Every Act of Creation Is First an Act of Destruction

October 1, 2014

Creating something new usually requires us to let go of something old. As Pablo Picasso said, “Every act of creation is first an act of destruction.”

Transitions are painful because they destroy the status quo, pushing us beyond our comfort zones. Times of change are most excruciating for those most deeply vested in the old way of doing things.

New Growth

“Every act of creation is first an act of destruction.” – Pablo Picasso

Like many companies, my employer (the American Red Cross) is undergoing yet another major, national reorganization. The details have yet to be finalized, but one this is certain: Things will change. Dramatically!

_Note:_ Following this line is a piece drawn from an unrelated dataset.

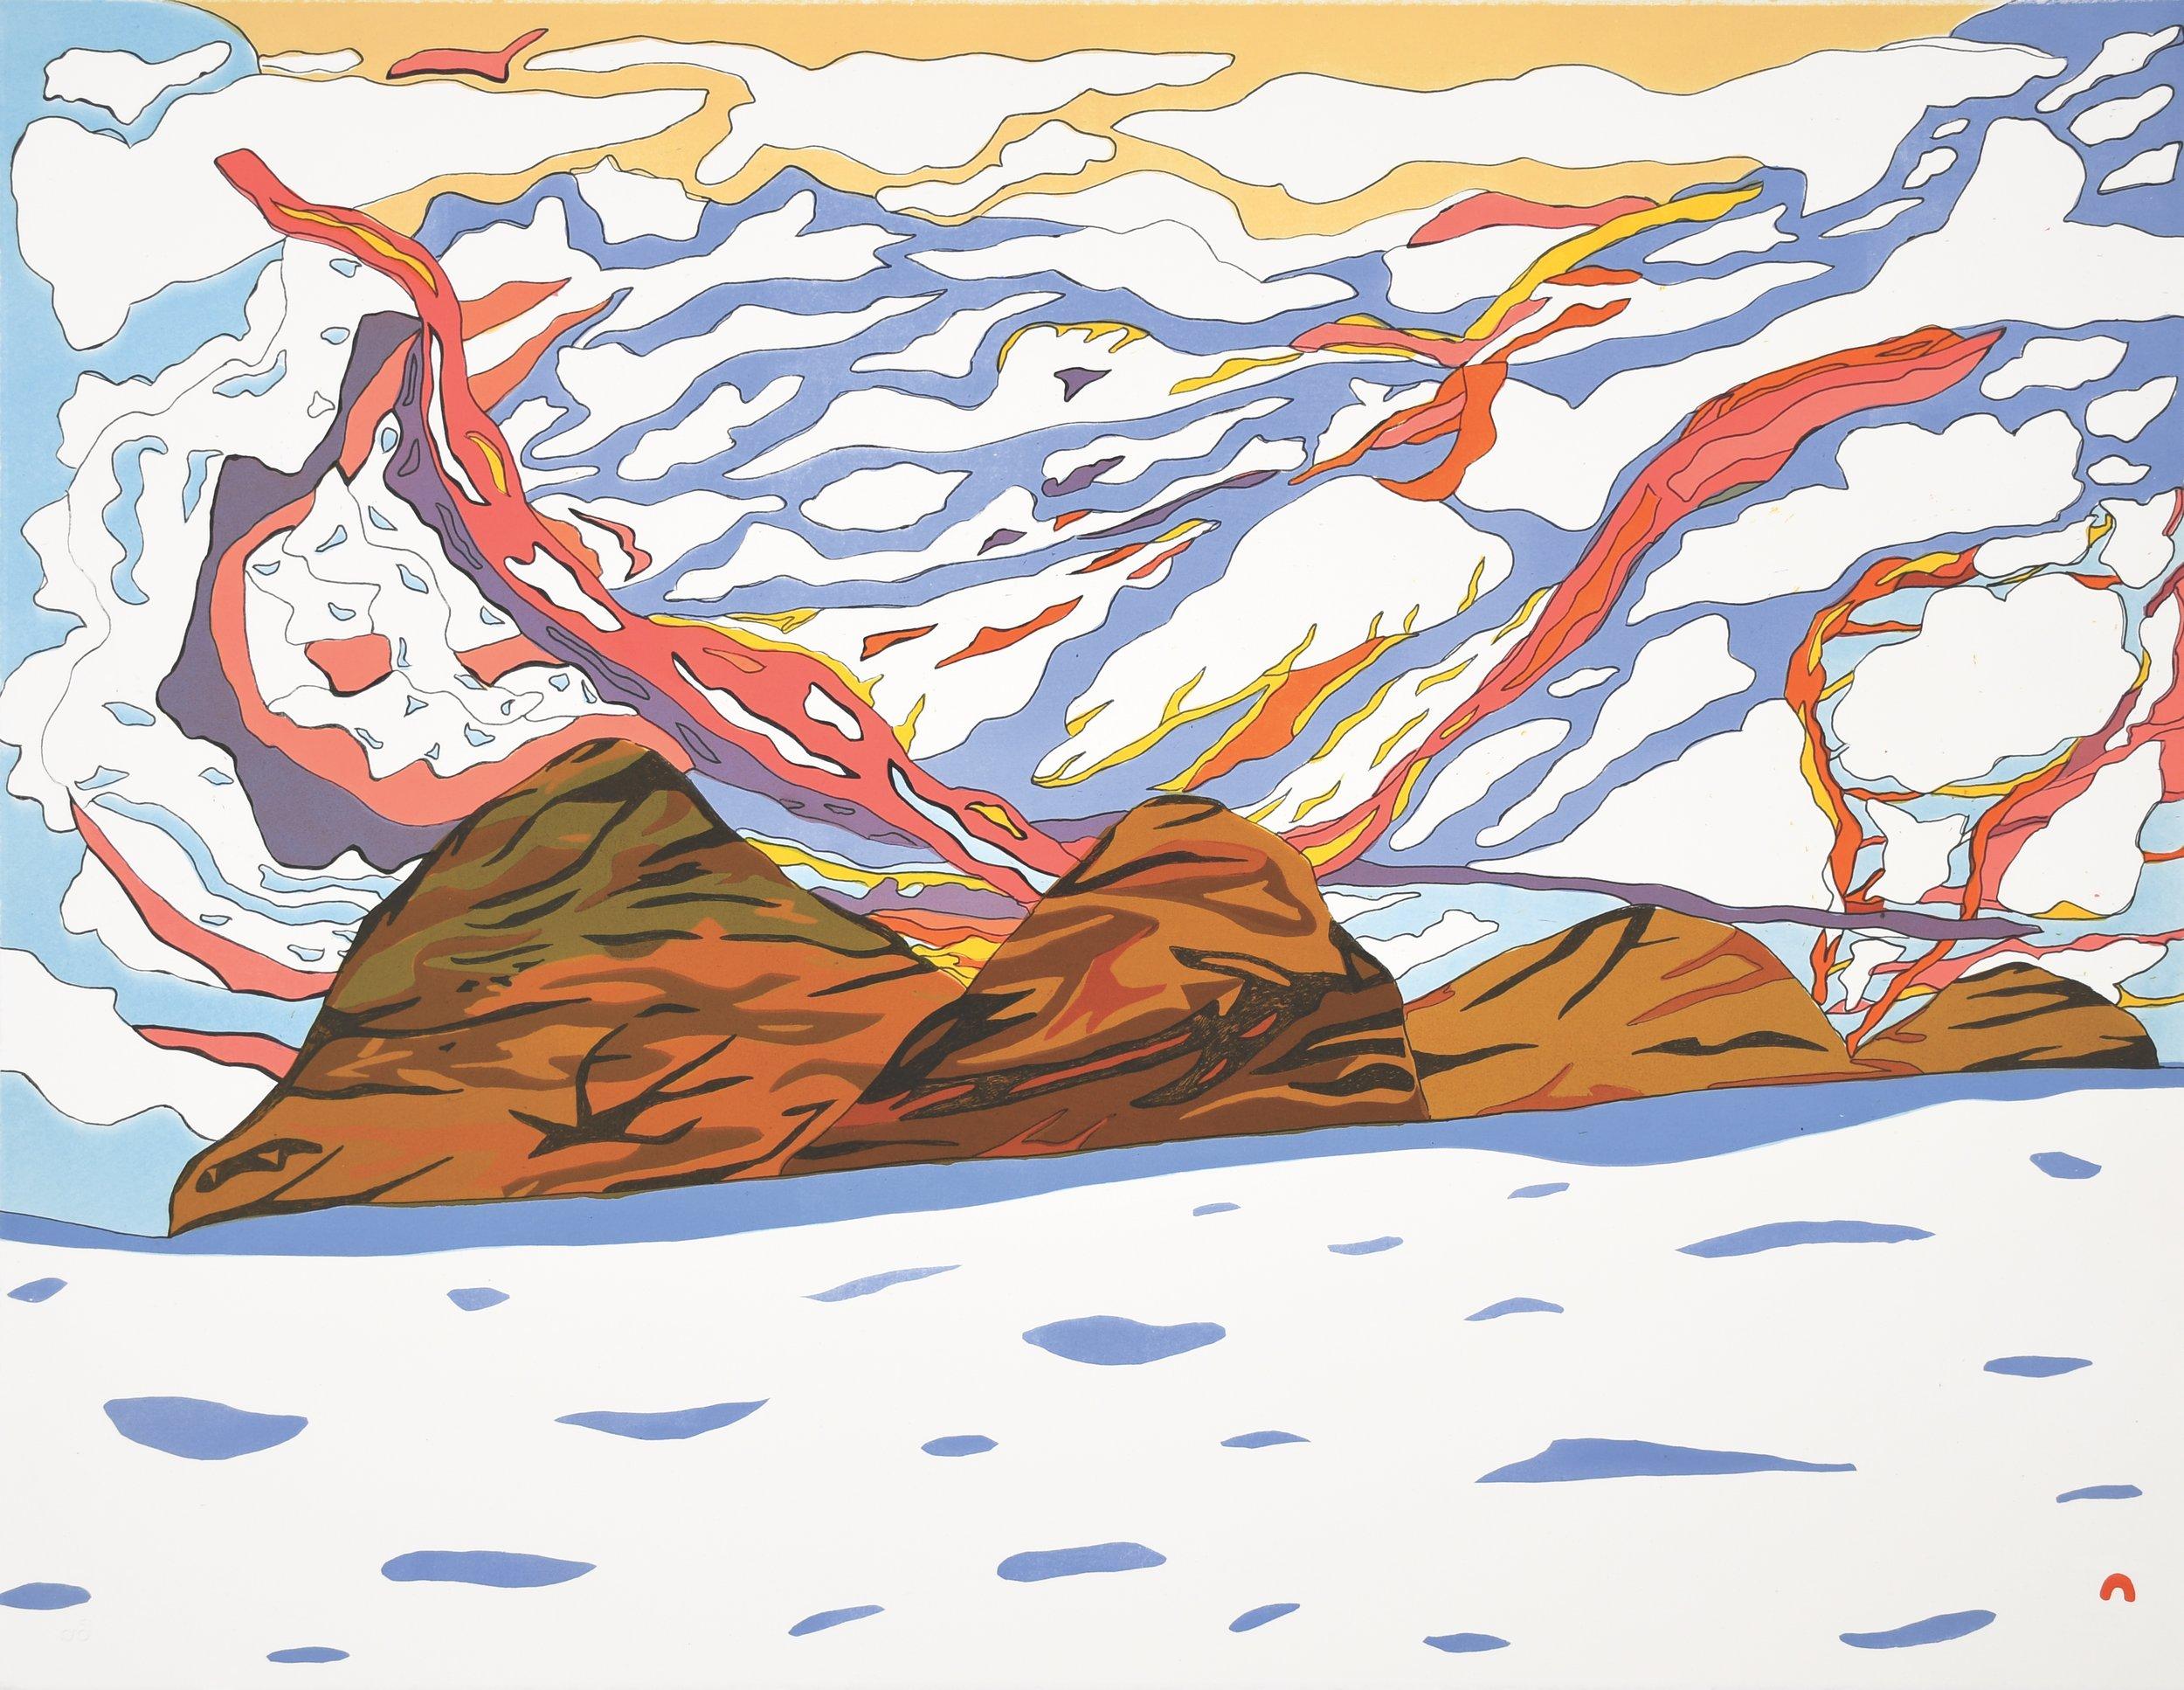 OOLOOSIE SAILA  16. Sunlit Sky  Lithograph  Paper: BFK Rives White  Printer: Niveaksie Quvianaqtuliaq  56.5 x 73 cm  $ 750

We are in that phase of the creative process focusing on “destruction” (to use Picasso’s word). Within a few weeks, however, we should learn the details of the “act of creation.”

Uncertainty abounds. The winds of change continue to howl around us. Though I’m uncertain of many things, of this I am certain: Those who thrive in the new reality will be those who embrace Picasso’s wisdom. They will understand that something is being destroyed so something new can be created.

Not everything makes sense, but I’ll sort through the confusion and figure out how to succeed in this new reality. As I move forward, I’ll keep reminding myself of what Henry Miller, the American author, once said: “Confusion is a word we have invented for an order which is not understood.”

The futurist Alvin Toffler paralleled Picasso’s sentiment when he said, “The illiterate of the 21st century will not be those who cannot read and write, but those who cannot learn, unlearn and relearn.”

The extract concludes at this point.